The first time we showed off some Pokémon in the US, we were told they were 'too cute'. The staff in America submitted their ideas for replacement designs, but we just couldn't believe the kind of stuff they were proposing.

"They turned Pikachu into something like a tiger with huge breasts. It looked like a character from the musical Cats. When I asked 'how is this supposed to be Pikachu??' they said, 'Well look, there's its tail right there'... Seriously, that was the kind of stuff being proposed.

Source (2020/7/9): Did You Know Gaming?

"How could this be!?", I thought to myself. The story makes no sense, yet here it is straight from the president's mouth.

I did some more digging as I wasn't ready to accept this. I found 2 old interviews from Satoru Iwata, from 2008 and 2009 respectively where he clearly states that the Pikachu redesign they received was a large muscular Pikachu, not "a tiger with huge breasts" like the musical Cats.

They saw Pocket Monsters and said, "Creatures this cute can't be called 'monsters'. A monster needs to muscular and more fearsome." When I received their muscular Pikachu redesign I thought to myself, "There's no way we can show this to the people who created Pokemon". I remember this like it was yesterday, even though about 10 years have passed since then.

Source (2008/10/31): Nintendo Official Website

When we were looking to expand Pokemon overseas, I can't forget what we were told. They said, "Something this cute can't be called a 'monster'". They said if you want success in the American market you need to go with a muscular redesign, such as the one they sent us.

The president of Nintendo at the time, Hiroshi Yamauchi, told me, "If there is no example [of a cute design like this] working in America, that's even more reason to give it a try. When it comes to entertainment, there is value to standing out from the rest. If something is unique and sees success, it has the potential to become really big. Go with the Japanese designs as is."

Source (2009/5/18): Toyokeizai Online

So what's going on? How are two official sources published by Nintendo on their own website disagreeing with one another?

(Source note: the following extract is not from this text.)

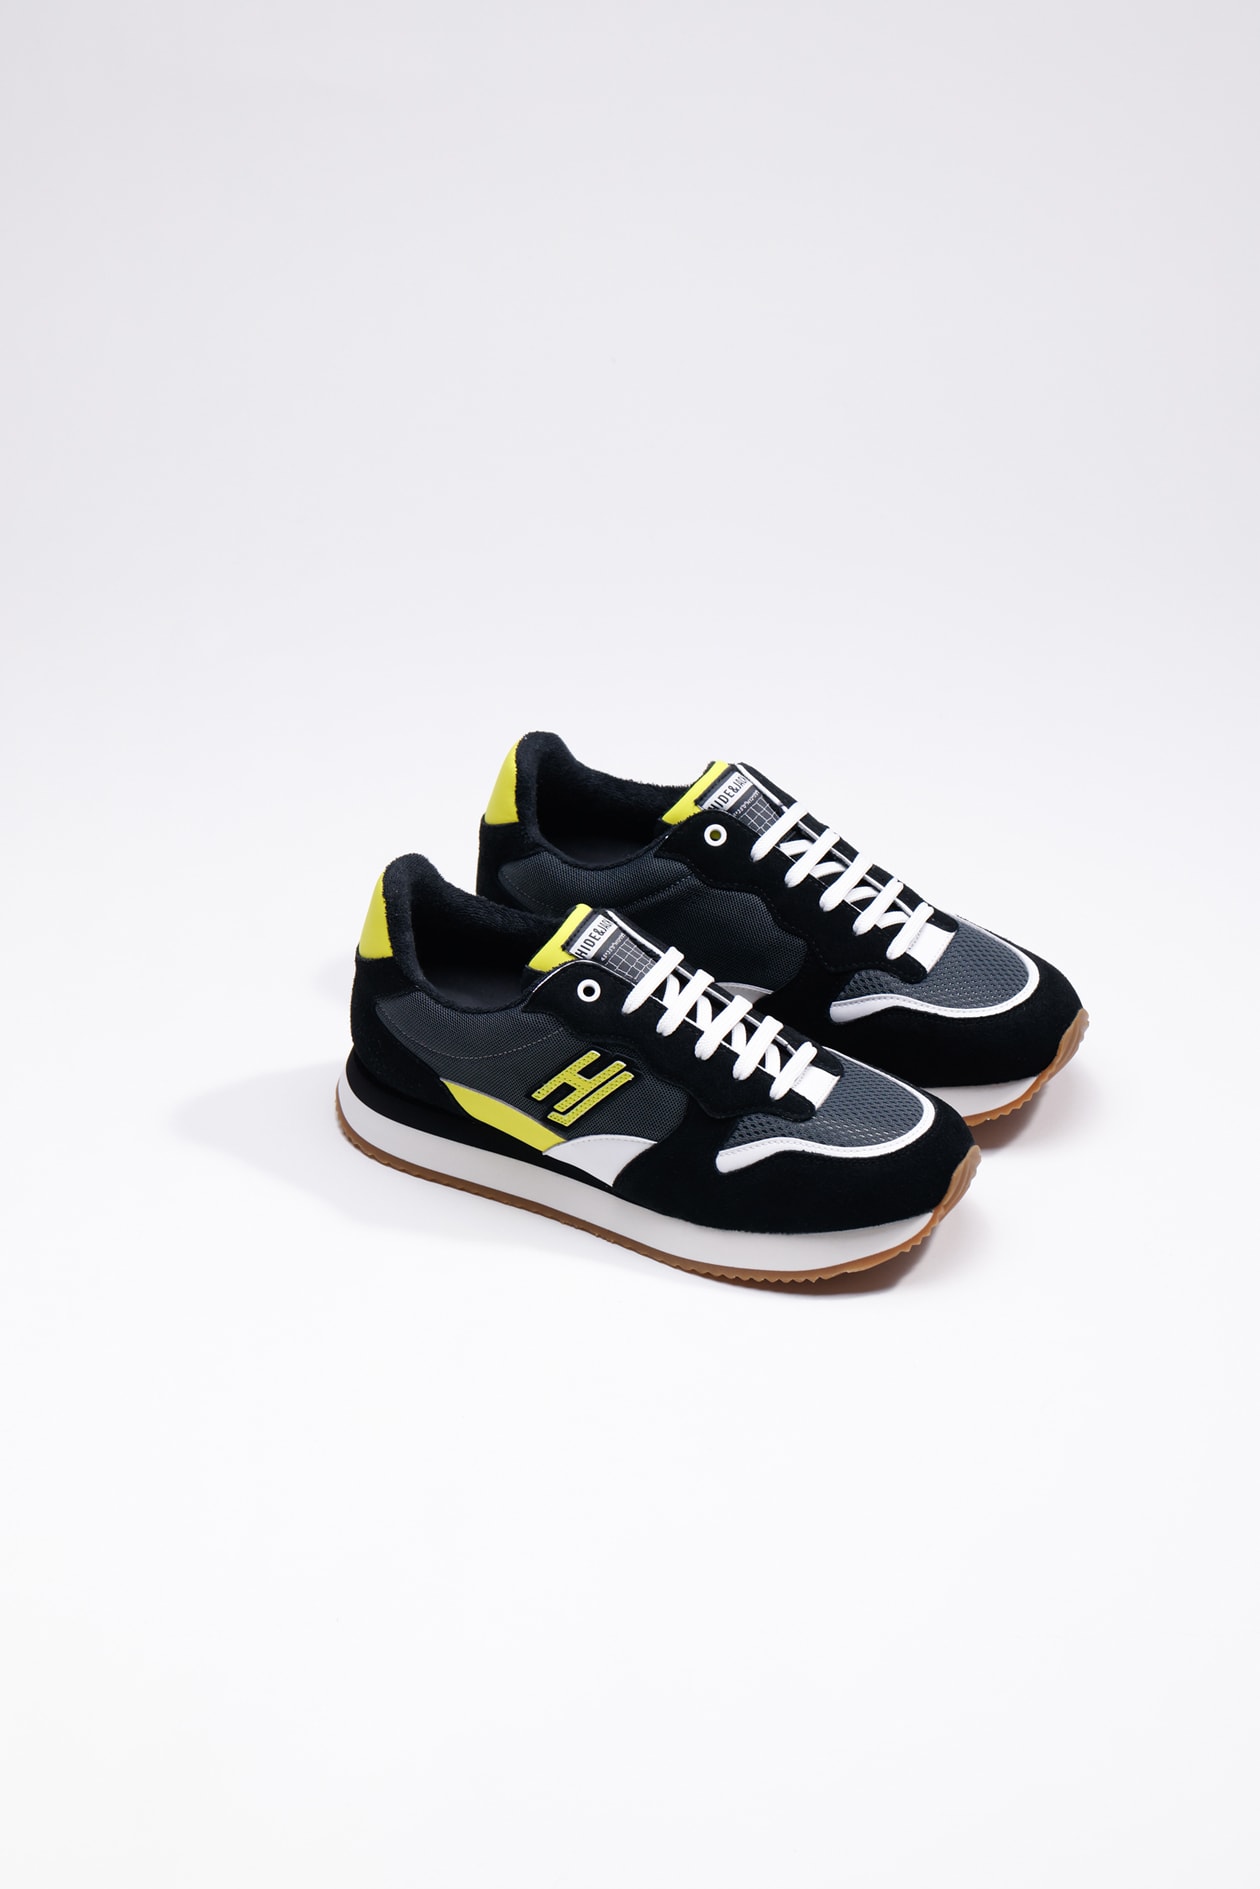 Hide&amp;jack Low Top Sneaker - Over Black Yellow

The answer likely lies in the Japanese word 胸, which can mean both chest or breasts/boobs. What appears to have happened is that the phrase "big chest" got misinterpreted on the Japanese side first. Iwata meant "big chest" as in large pectoral muscles, but somewhere down the line in retelling the story this turned into "huge boobs", like a bad game of telephone.

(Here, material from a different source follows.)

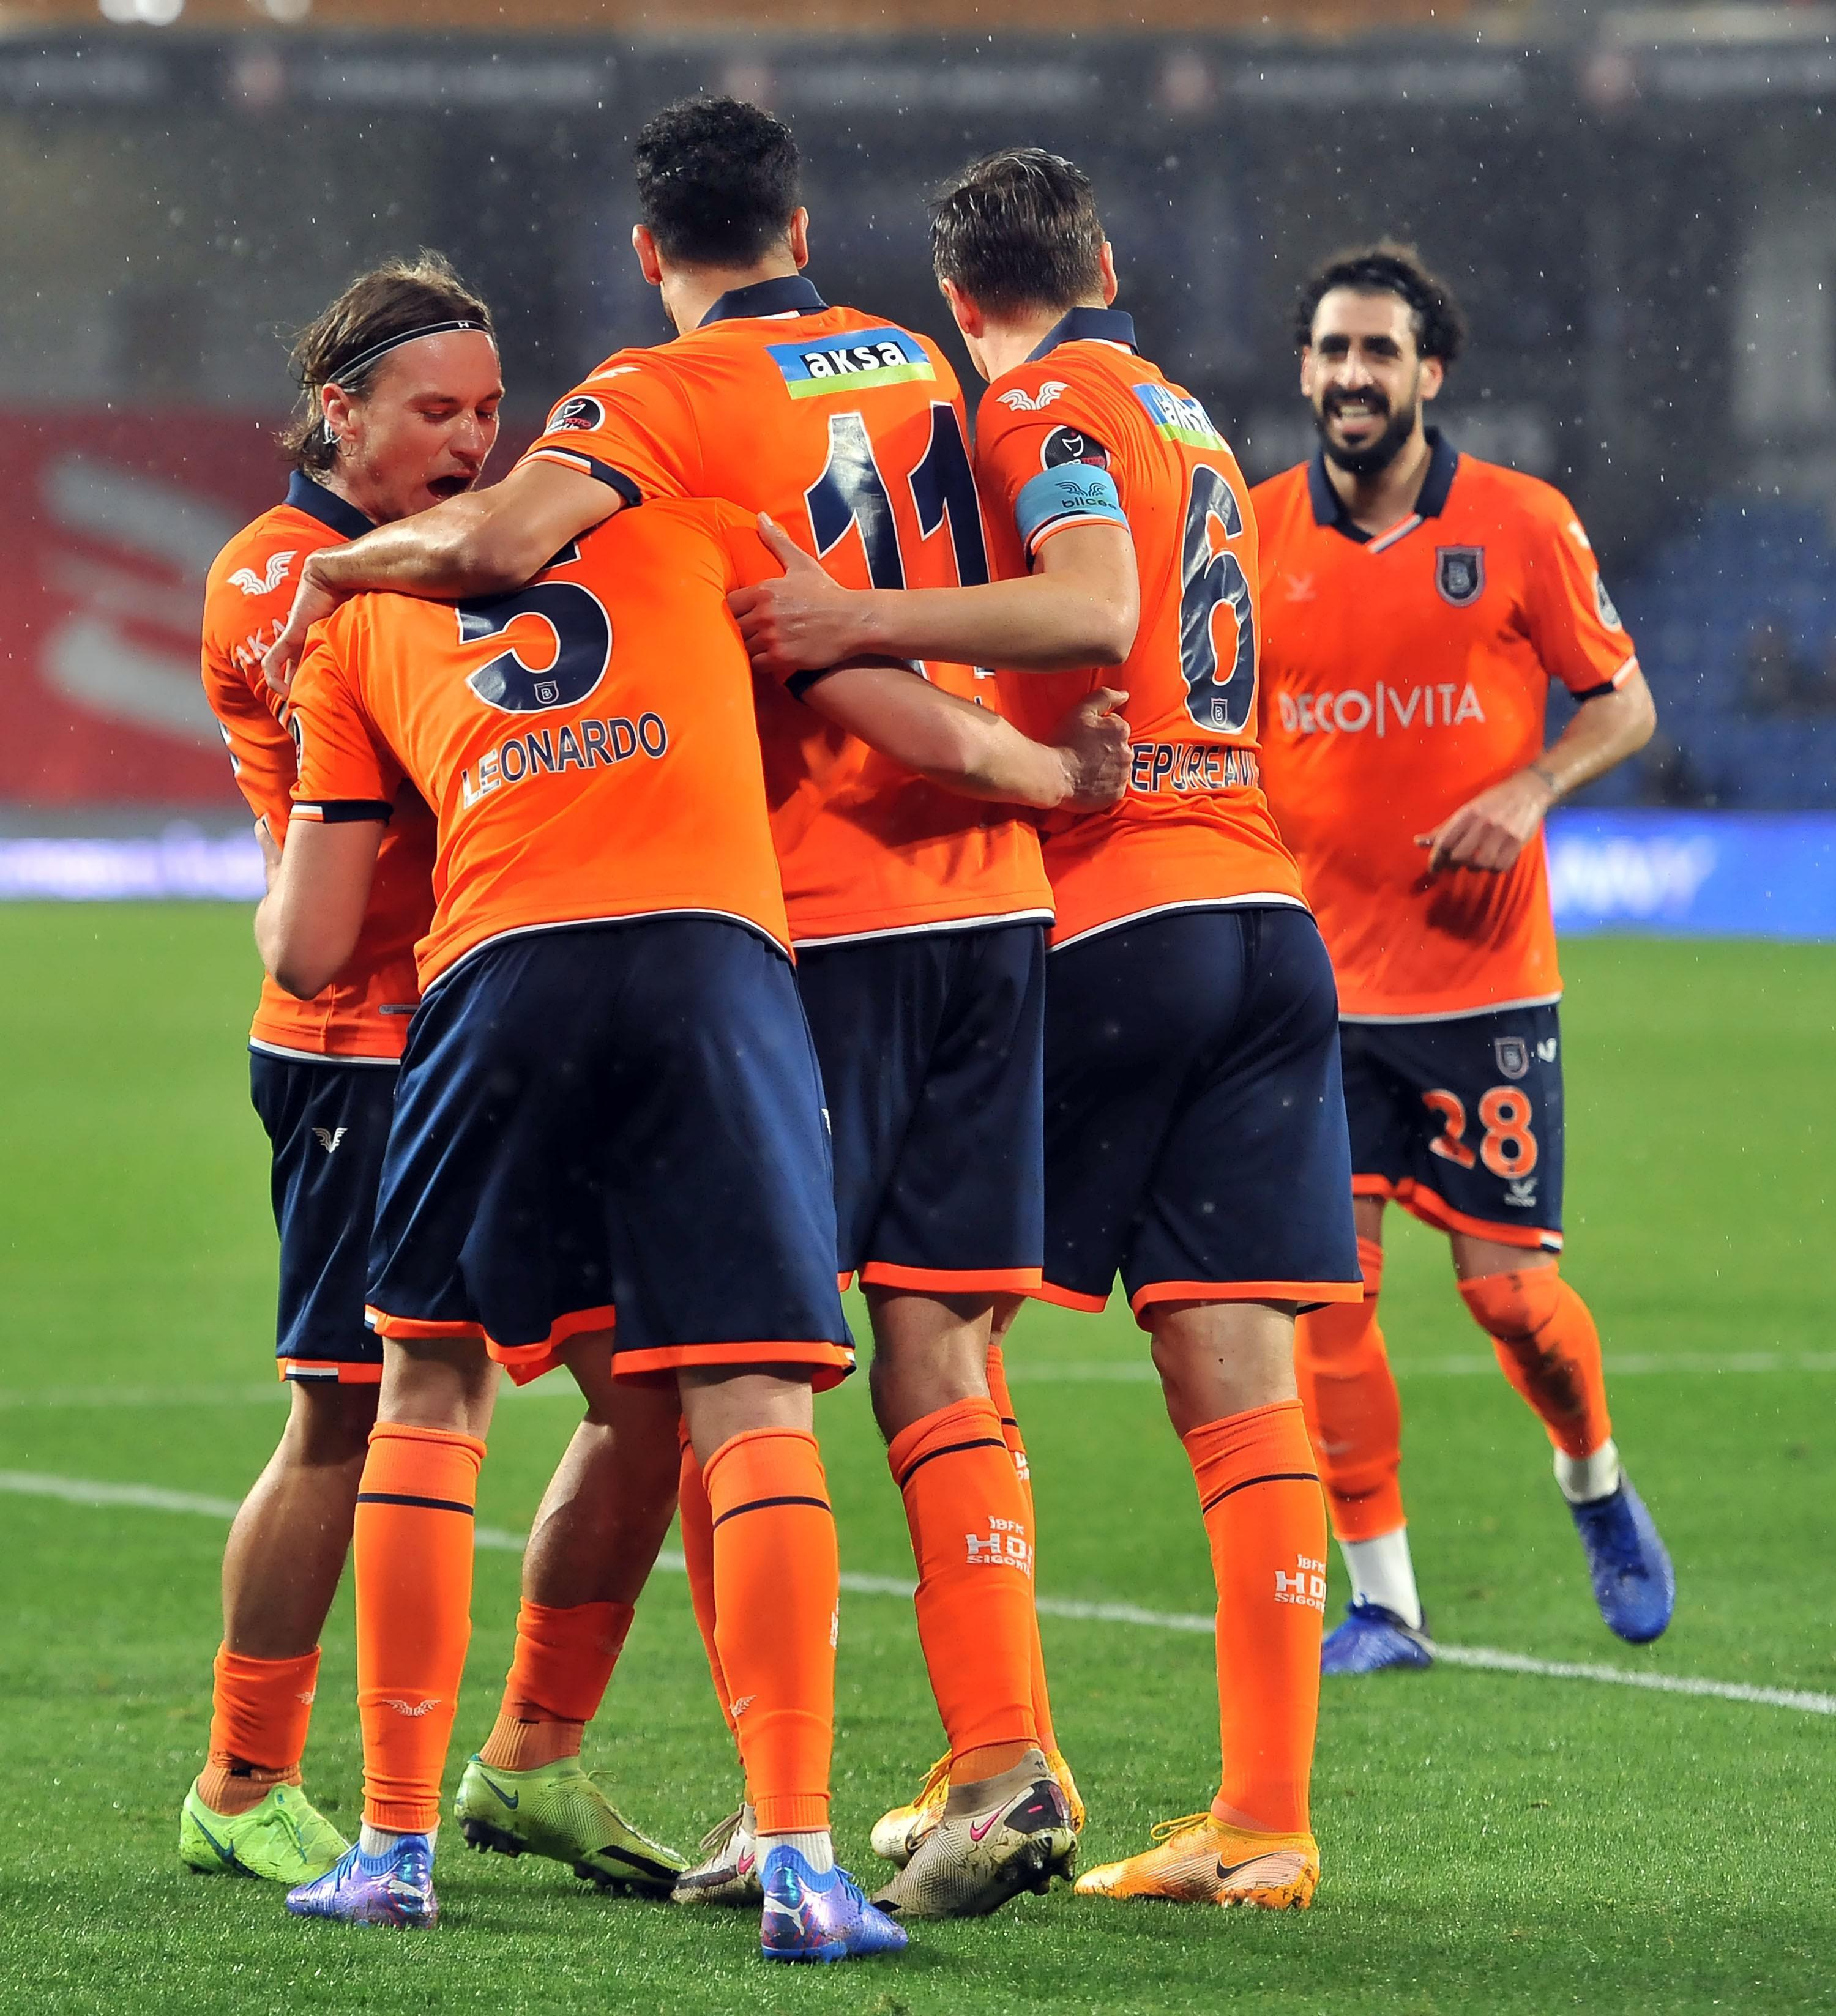 (ÖZET) Başakşehir - Konyaspor maç sonucu: 2-1

I'm inclined to believe Satoru Iwata's telling of the story as he appears to be the primary source. And the fact that he specifically says "even today I remember their words vividly" and "How am I supposed to show these redesigns to the people who created Pokemon?". So it stands to reason a lot of the creators of Pokemon didn't actually see the proposed redesigns and all their information is second-hand, hence why the details are different. In the following Iwata Asks, it is stated that Game Freak was busy with the development of Pokemon Gold and Silver, and that Nintendo along with Iwata (who didn't work for Nintendo at the time but was the go-between for the two) were the ones doing the work to bring Pokemon overseas.

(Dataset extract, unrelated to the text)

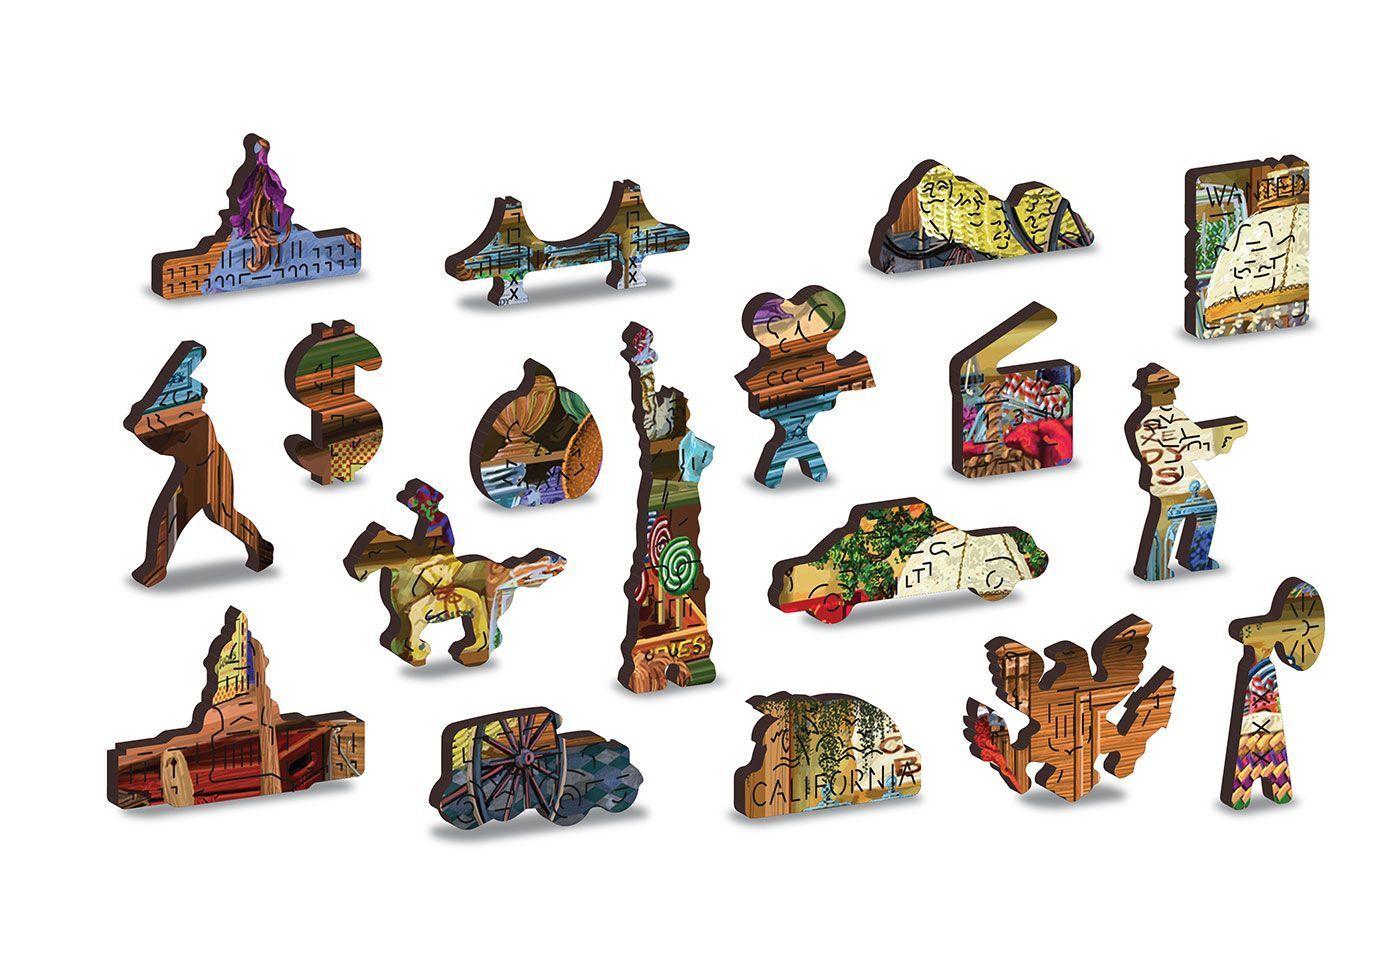 Drewniane Puzzle z figurkami - Kwieciarnia rozm. M, 200 elementów

Between Iwata's words and the fact that it's not believable at all that Americans (who have always been sensitive about sexual imagery, especially in the 90s) would suggest such a change for a kid's show. When you consider cartoons airing at the time like Teenage Mutant Ninja Turtles and Street Sharks, it's not difficult to imagine exactly what they were proposing for Pikachu's redesign.

JAWSOME! JAWSOME!

To think what could have been.